The joint distribution is:

$$
p(a, b, c) = p(a)p(b)p(c|a, b)
\tag{8.28}
$$

#### No Variables Observed (\(\emptyset\))

If none of the variables are observed, marginalizing over \(c\) gives:

$$
p(a, b) = p(a)p(b)
$$

Thus:

$$
a \perp\!\!\!\perp b \, | \, \emptyset
\tag{8.29}
$$

#### Conditioning on \(c\)

Conditioning on \(c\) gives:

$$
p(a, b|c) = \frac{p(a)p(b)p(c|a, b)}{p(c)}
$$

In general, this does not factorize into \(p(a)p(b)\):

$$
a \not\!\perp\!\!\!\perp b \, | \, c
$$

Here, \(c\) is a head-to-head node, which unblocks the path and renders \(a\) and \(b\) dependent.

---

### Subtlety of Head-to-Head Nodes

A head-to-head node blocks a path if it is unobserved. However, if the node or any of its descendants is observed, the path becomes unblocked.

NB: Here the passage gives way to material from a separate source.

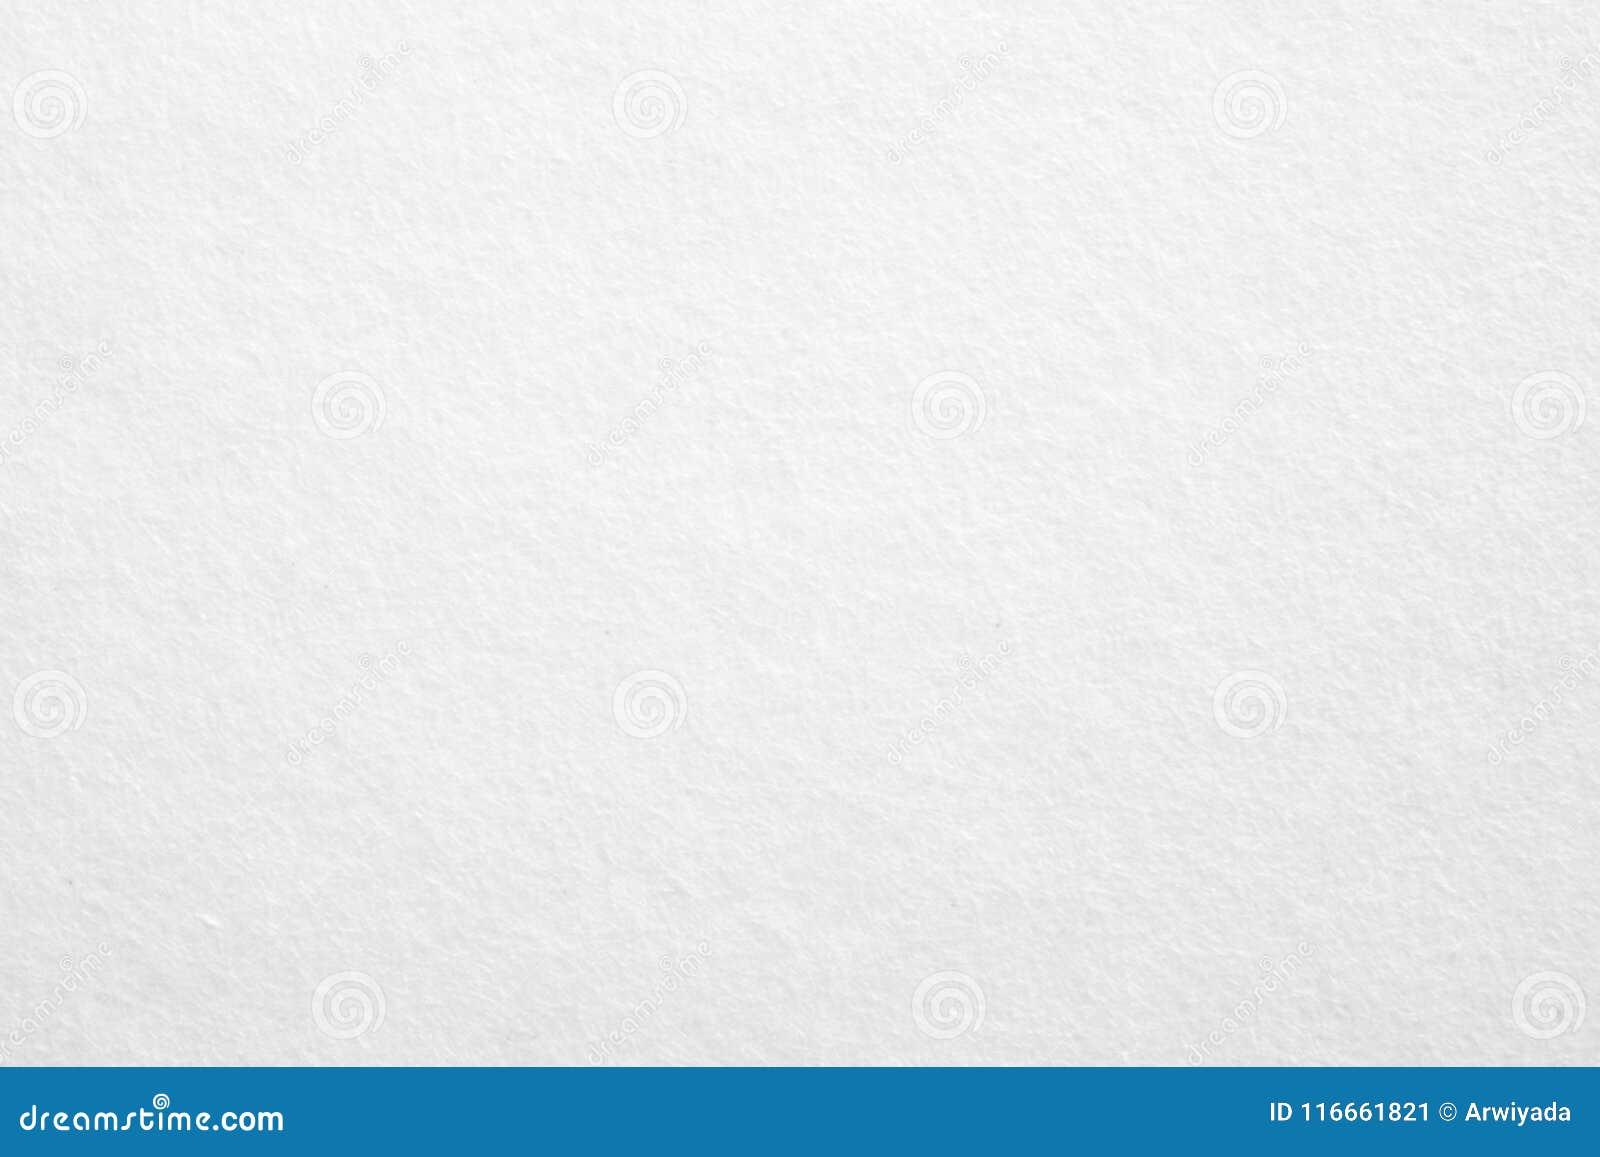 Wit van de achtergrond muurtextuur grijs document kaartlicht oud met kuuroord

#### Terminology: Descendants

A node \(y\) is a descendant of \(x\) if there is a path from \(x\) to \(y\) following the direction of the arrows.

#### Summary of Path Blocking:

1. **Tail-to-tail** or **head-to-tail** nodes:
   - Leave paths unblocked unless observed.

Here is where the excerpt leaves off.